- Born: 5 October 1929 Woodford Green
- Died: 19 June 2005 (aged 75)
- Citizenship: British
- Scientific career
- Fields: Zoologist, Ichthyologist
- Workplaces: Natural History Museum
- Author abbrev. (zoology): Wheeler

= Alwyne Cooper Wheeler =

British ichthyologist (1929–2005)

Alwyne (Wyn) Wheeler (5 October 1929 - 19 June 2005) was a British ichthyologist who was a curator at the Natural History Museum in London. He was educated at St Egbert's College, Chingford, and Chingford County High School to Higher School Certificate level, and was unusual in that his subsequent scientific career was achieved despite his never having obtained a university degree.

He joined the London Natural History Society at the age of 13 and served his National Service as a radiographer and medical photographer in the Royal Army Medical Corps in both the United Kingdom and Jamaica, where he joined the Natural History Society of Jamaica. On leaving the army he applied to the Natural History Museum for a post as an Assistant in the Department of Zoology, starting on 1 June 1950 as an assistant in the Fish Section. Wheeler spent his whole career in the Natural History Museum, retiring in 1989.

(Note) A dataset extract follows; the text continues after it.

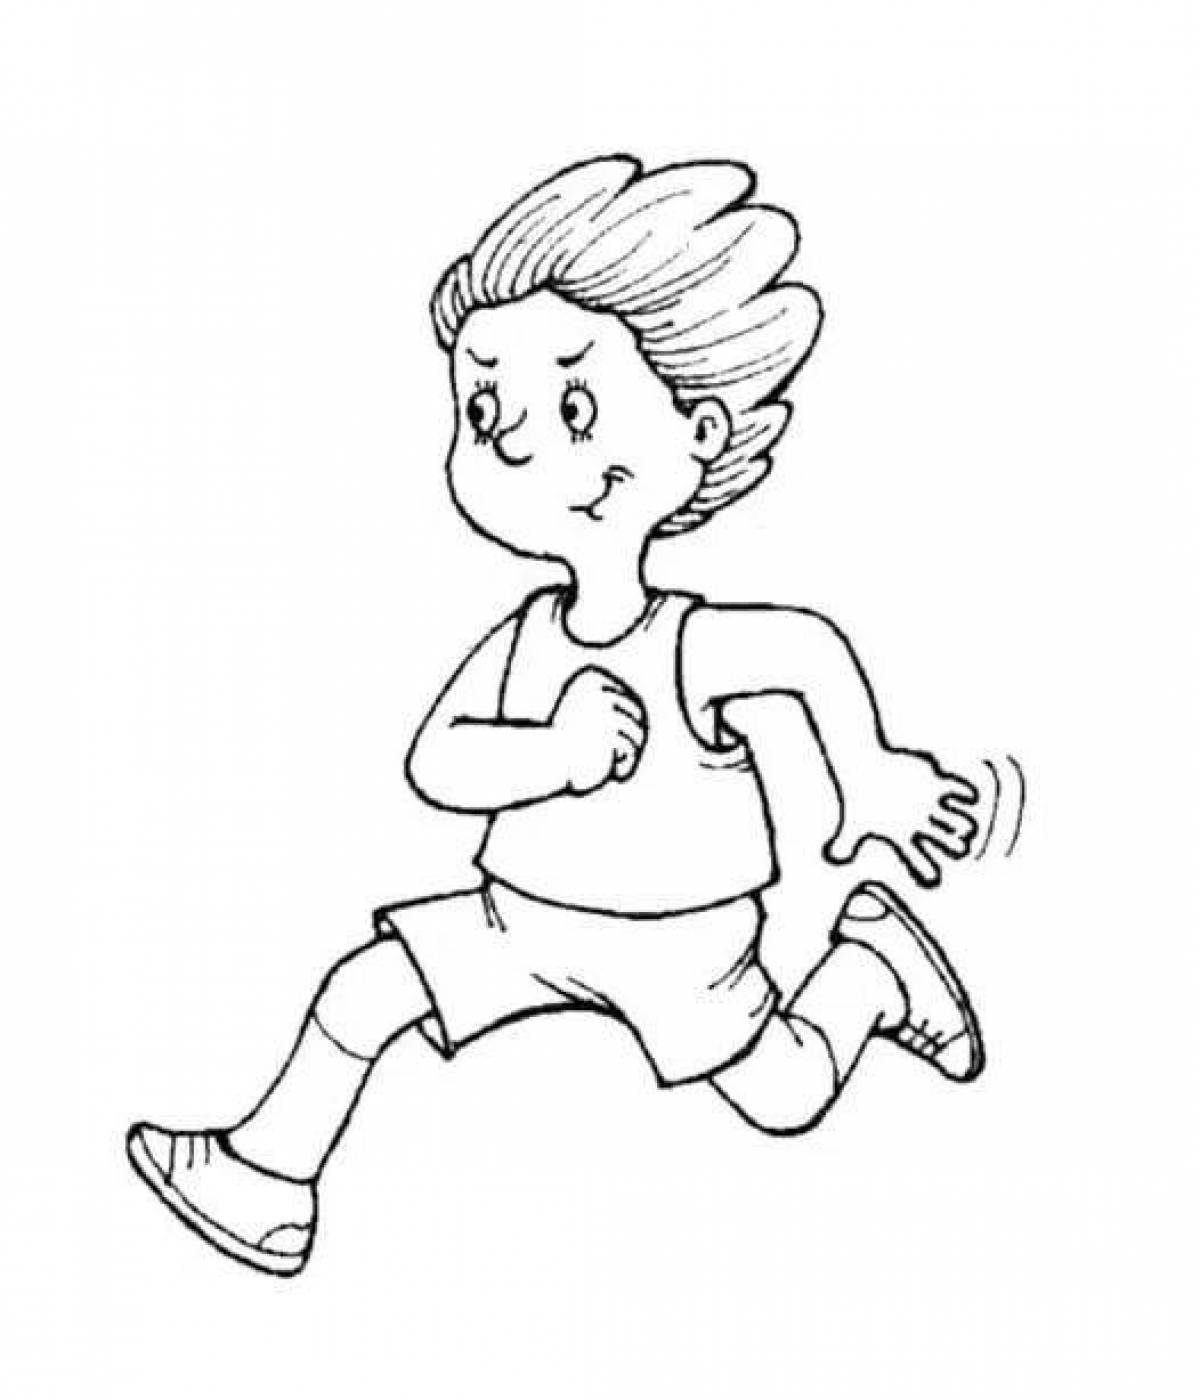 Live running coloring page

== Specialist for European fish ==
Wheeler specialized in two main fields, or that of the taxonomy of European fish, and of the studies of historical collections of taxonomic importance. He produced over a hundred different scientific publications and his most important work was The fishes of the British Isles and north-west Europe which was published in 1969 and became the standard, modern British ichthyology text. Other important publications included Fishes of the World (1975), Key to the Fishes of Northern Europe (1978), and The World Encyclopedia of Fishes (1985).

He was also a central figure in the monitoring of the clean up of the River Thames and the return of life to the river, and the findings were documented in The Tidal Thames; The History of a River and its Fishes (1979). Wyn Wheeler was a founding member of the Fisheries Society of the British Isles (FSBI).

As well as scientific publications Wheeler wrote columns in the more popular angling press giving biological information to anglers. He also adjudicated many rod caught records and in 1997 he announced that many of the largest specimens of Crucian carp Carassius carassius were invalid as they referred to wild goldfish Carassius auratus.

=== Archaeological identification ===
Wheeler's other expertise was developed in the identification of fish bone from archaeological sites, co-authoring a manual in 1989 on the identification of fish remains in archaeological sites.

== In publishing ==
As an editor of, and as to mentor the magazine to develop, Wheeler was associated with the Journal of the Society for the Bibliography of Natural History (now called Archives of Natural History). His term serving as the honorary editor was between 1967 and 1974, 1978 and 1986. He was again formally elected as honorary editor in 1989 while being an editor pro term from 1988 to 1989. Wheeler finally retired in 1999 after the publication of volume 26 (part 1).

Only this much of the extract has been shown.